Yesterday at the vet for routine procedures, there was a man, with his very old and loved, black cocker spaniel neatly bundled in a blanket with only a grayed muzzle and one yummy little paw poking out. He seemed serene, almost smiling. Hopefully and foolishly and unhelpfully–I asked, “Will he be ok?” and he shook his head No. Without skipping a beat, I crumbled. My tears streamed without consent and I apologized. (With my relatives, I learned to apologize for sensitivity, difficult feelings, empathy, and compassion, for failure to mask genuine pain or struggle is a trouble-making failure. Acknowledging pain and struggle was equally offensive under certain circumstances–because those things are weak and or not real).
Anyway, I could not help but recall when my dog was 14 and suffering- the grief of THE knowing– it was time, time to help him, to do right by him, to ease his journey over the rainbow, to say good-bye. I can liken that experience of holding him, in our last precious moments, only, to holding my sons in their first moments and months. The gravity of their vulnerability and the gift of their faith in me as provider and protector, made it difficult to breathe.

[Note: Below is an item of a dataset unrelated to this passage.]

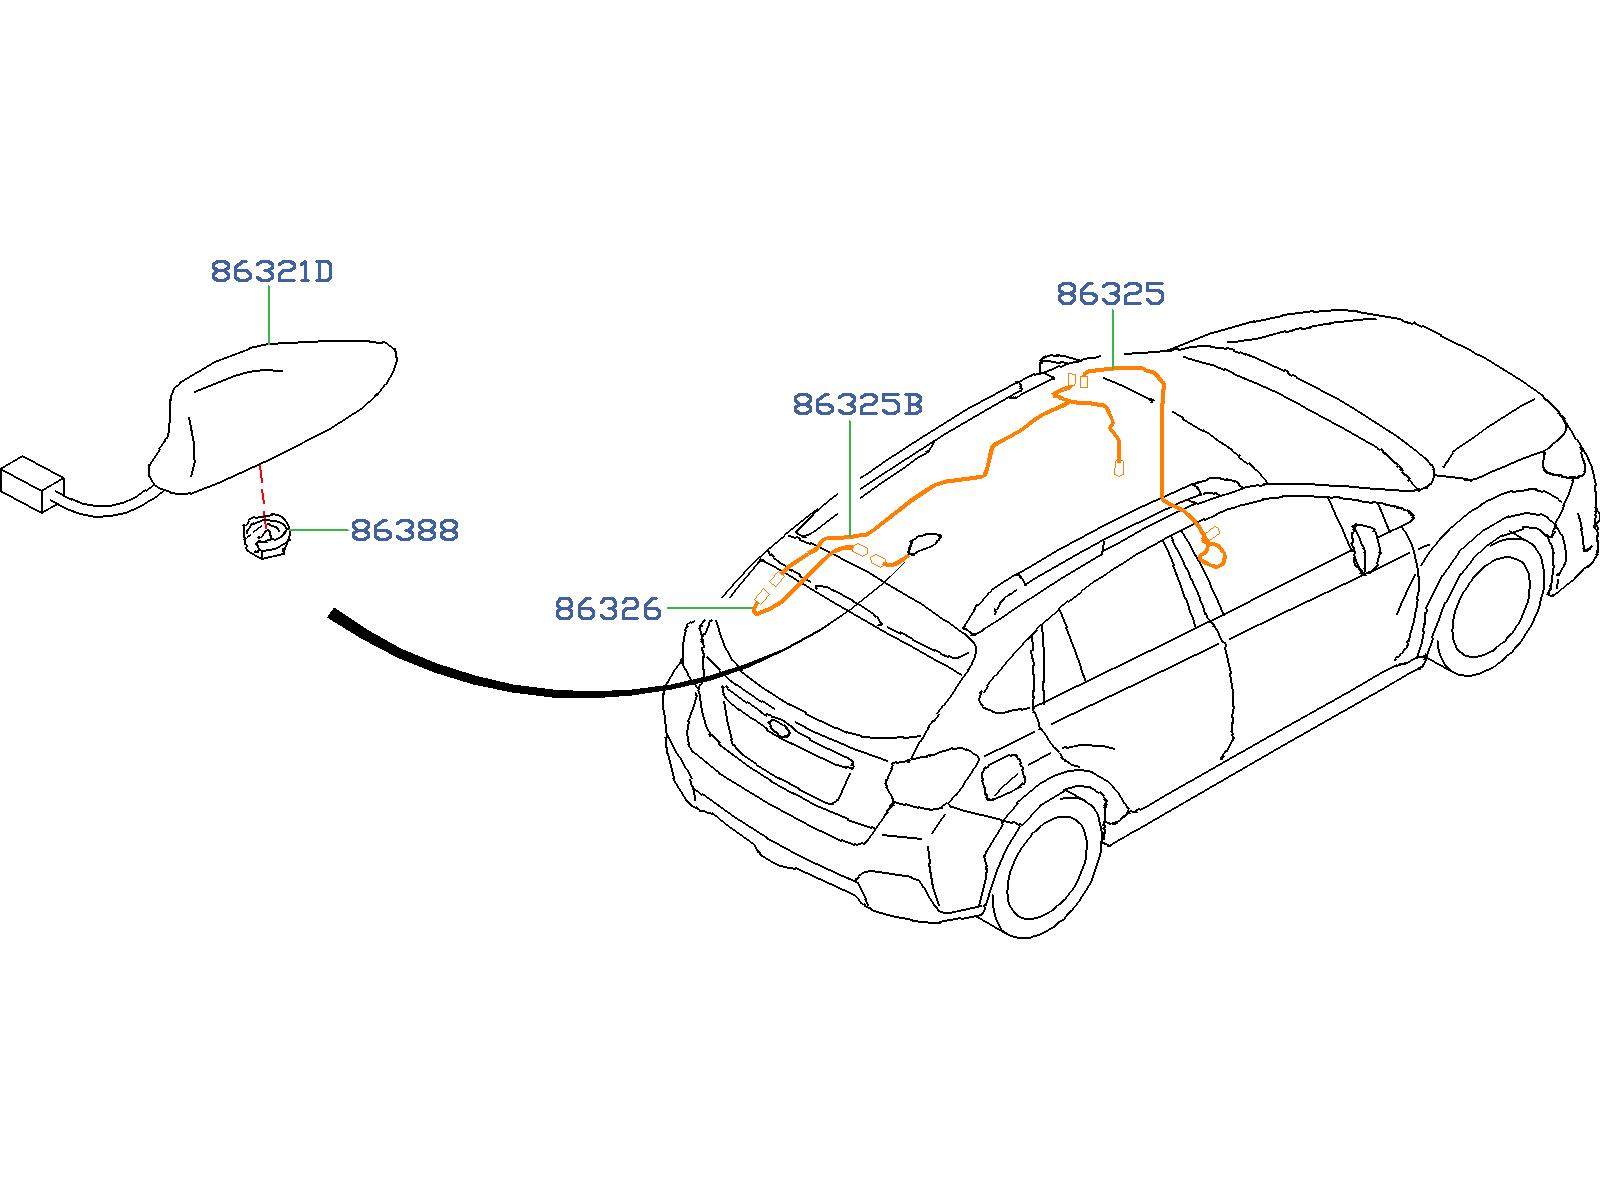 Subaru Crosstrek Antenna Assembly D

The man(with the bundled pup) was with his wife and their other dog– they all entered THE ROOM together. From where I was sitting, I saw through the window of the door that the other dog sat faithfully on the table beside his buddy. They were all there, in the final moments. It may take me a few days to fully recover from this. You see, I did much more than just observe this. I experienced it, at a cellular level, the way I do all things-which are deep and true.
I have always been this way. When I see pain or suffering of others, I feel it as intensely as if it were my own. Homeless people or animals, starving children on tv, movies in which people are cruelly persecuted and violated. I am equally affected by tension and anger whether directly expressed or poorly contained. It gets on me and it takes a while to break free from it.
I am equally affected by sensory stimulus and recently read that for HSPs and people with sensory dysregulation, it is as if we hear with 100 ears and what may not register for an insensitive or neurotypical person and will overwhelm us in just seconds…all of the senses, for me are hyper tuned in–with no dimmer switch.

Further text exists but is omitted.